Por: Lenyd Angélica Riaño, coordinadora del Programa de Administración Hotelera y Gastronómica del Politécnico Grancolombiano.
Durante años, la industria nos convenció de que los ingredientes “de verdad” venían empacados, con etiquetas coloridas y fechas de vencimiento. Pero ¿en qué momento dejamos de preguntarnos de dónde vienen los sabores que forman parte de nuestra identidad?
Como colombianos, tenemos un vínculo profundo con la tierra, aunque vivamos en medio del asfalto. El cilantro en el ají, el tomate del hogao, la hierbabuena del agua de panela con limón, todos son gestos de memoria. Pero también pueden ser gestos de resistencia. Porque hoy, sembrar una planta en casa es mucho más que un pasatiempo o una moda sostenible.
Acompañar la investigación que desarrollaron nuestros estudiantes Sara Mena, María Fernanda Miranda y Reinhold Cifuentes del Politécnico Grancolombiano me permitió confirmar algo que intuíamos desde hace tiempo: cultivar en casa es posible, económico y profundamente transformador.
La investigación “Cultivos orgánicos urbanos. Una alternativa de producción sostenible de ingredientes tradicionales de la gastronomía colombiana” no solo validó los pasos para construir huertas caseras en espacios pequeños con materiales reciclados, sino que demostró cómo sembrar en casa puede convertirse en un acto cotidiano de soberanía.
Porque no estamos hablando solo de botánica, ni de cocina.
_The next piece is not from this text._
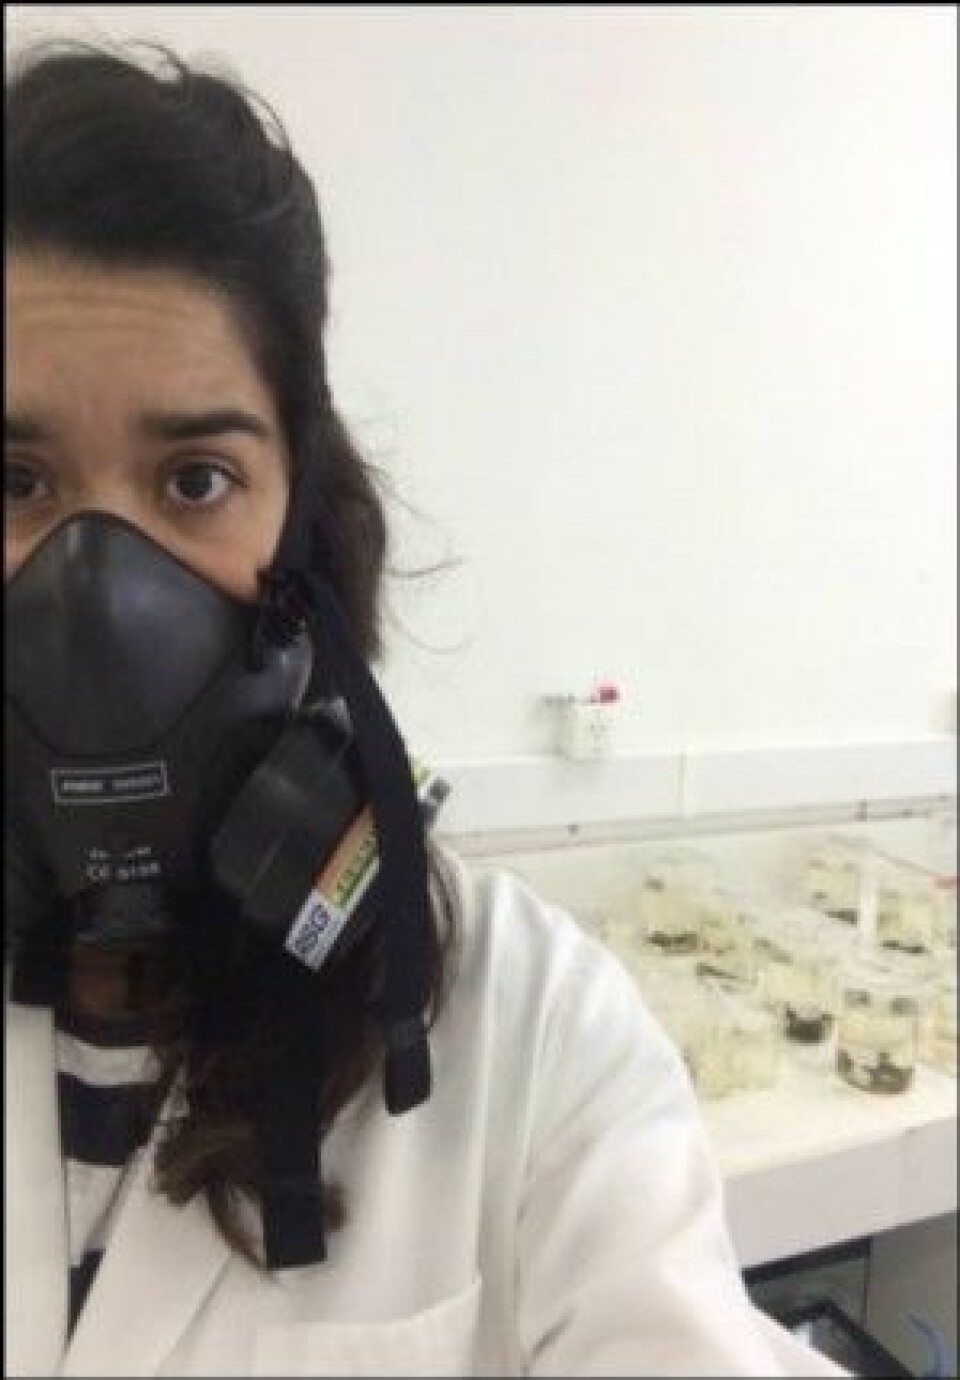 Adriana Sardi måtte bruke gassmaske på laboratoriet så hun ikke fikk i seg giftige gasser fra oljen i prøvene. (Foto: Privat)
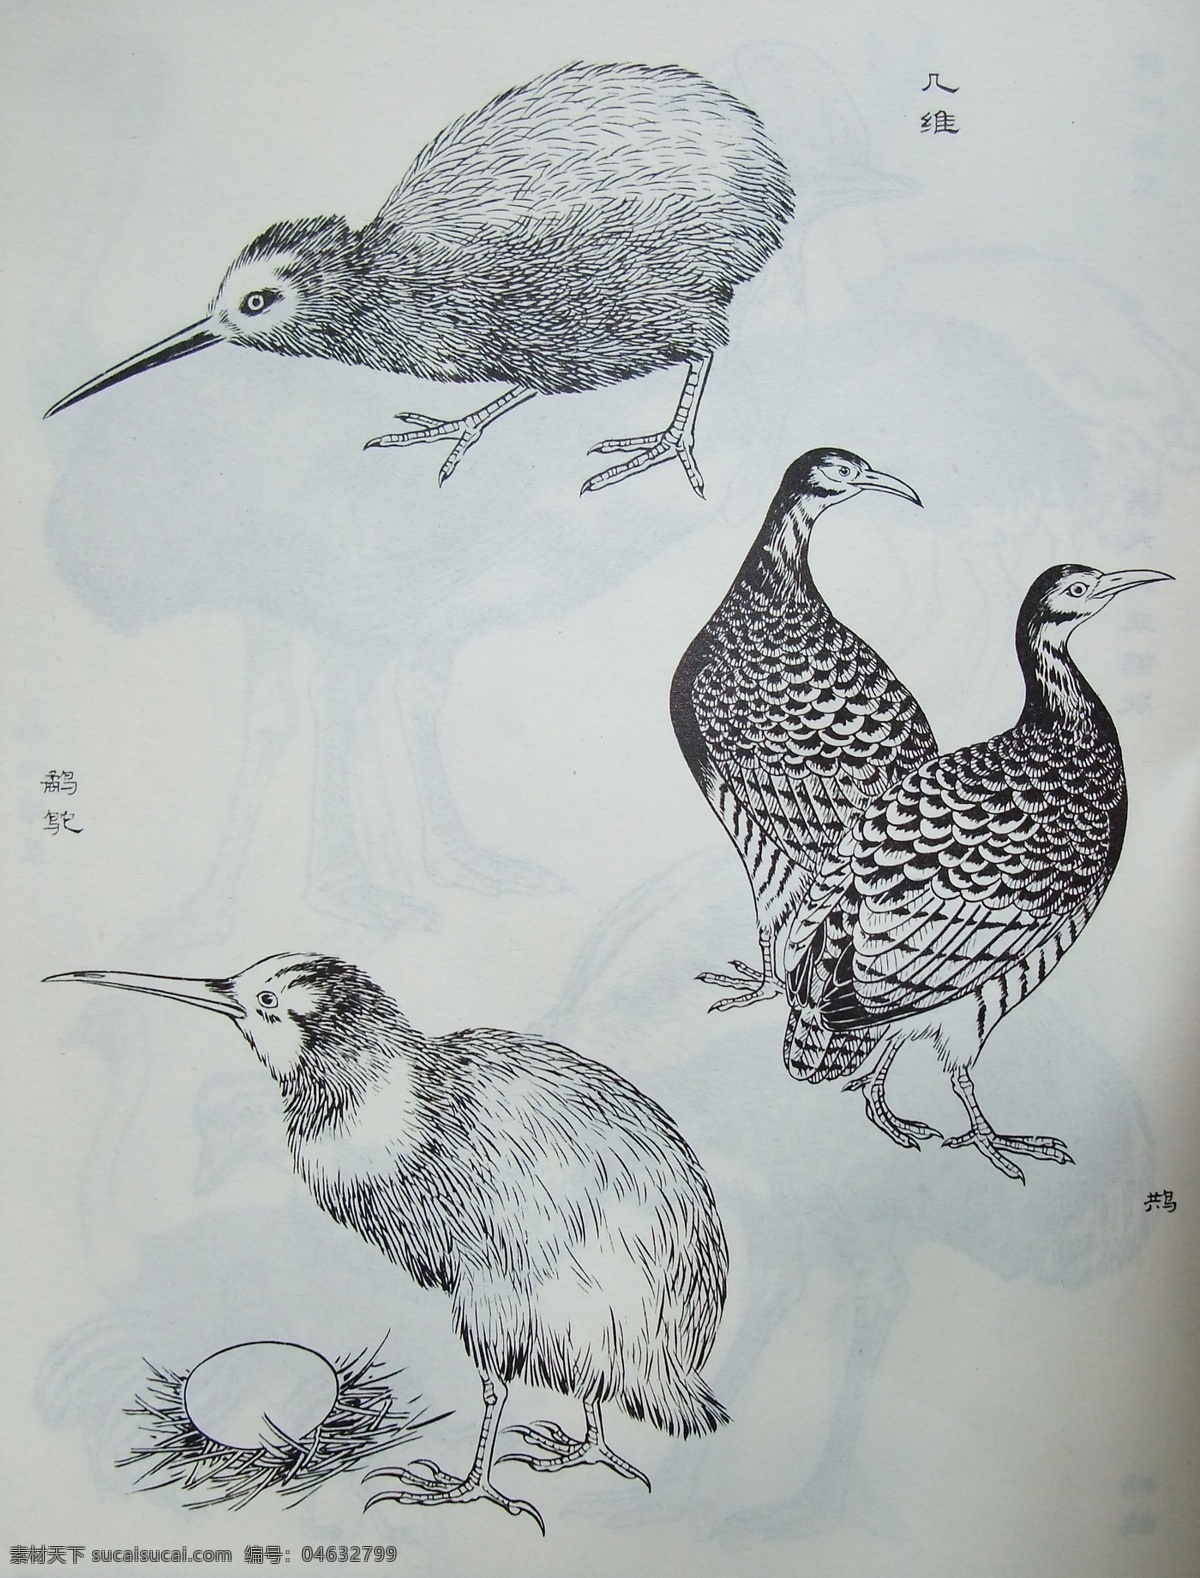 鸟类工笔画 小鸟 写实 教程实例 黑白 工笔画 鸟类 生物世界

Hablamos de autonomía, de cuidar lo que comemos, pero también de cuidar lo que somos. Cada semilla cultivada sin pesticidas es una declaración de quiero saber qué entra en mi cuerpo, quiero que mis sabores tengan historia, quiero reconectar con lo que mi abuela sabía y que olvidamos por falta de tiempo, espacio o confianza.
La gastronomía sostenible no se trata únicamente de reducir desperdicios o elegir ingredientes locales. Se trata también de devolverle valor a lo simple, a ese tomate que crece en una botella colgada en la ventana, a esa cebolla larga que reaparece en la tierra con solo dejarla descansar unos días, a ese maíz que, aunque toma más tiempo, se convierte en arepa recién asada, con sabor a paciencia.
Muchos piensan que sembrar en la ciudad es una utopía, pero lo cierto es que hoy es más viable que nunca. Hay guías, experiencias, gente sembrando en techos, patios y balcones. Nuestro estudio recogió todo esto para ofrecer una ruta clara, elegir el recipiente adecuado, preparar abonos con residuos de cocina, controlar el riego según cada planta. Así de simple, así de poderoso.
El comino, por ejemplo, requiere poca agua y buena ventilación; el tomate necesita sol; el cilantro y el perejil, sombra parcial y tierra húmeda. Algunas plantas pueden cosecharse en menos de 60 días. Otras, como el maíz o el achiote, toman más tiempo, pero son igual de viables. Y todas, sin excepción, nos devuelven el sabor auténtico de la cocina colombiana.
Y es que volver a sembrar no es solo una cuestión de técnicas, es una decisión que implica mirar distinto lo que tiramos a la basura, es resignificar una botella como matera, una cáscara de huevo como fertilizante, una sombra como aliada del cilantro.
Como docente, me emociona ver cómo la investigación aplicada puede transformar vidas, aunque sea con algo tan pequeño como una mata de hierbabuena. Porque en esa mata está el germen de algo más grande, una nueva relación con la comida, con el entorno, con nuestra cultura.
Sembrar en casa no va a resolver todos nuestros problemas, claro. Pero sí puede ser el primer paso hacia una gastronomía más consciente, una economía más justa y una vida más conectada con lo esencial. Y si todo comienza con una semilla plantada en tierra reciclada, entonces sembrar también puede ser una forma de esperanza.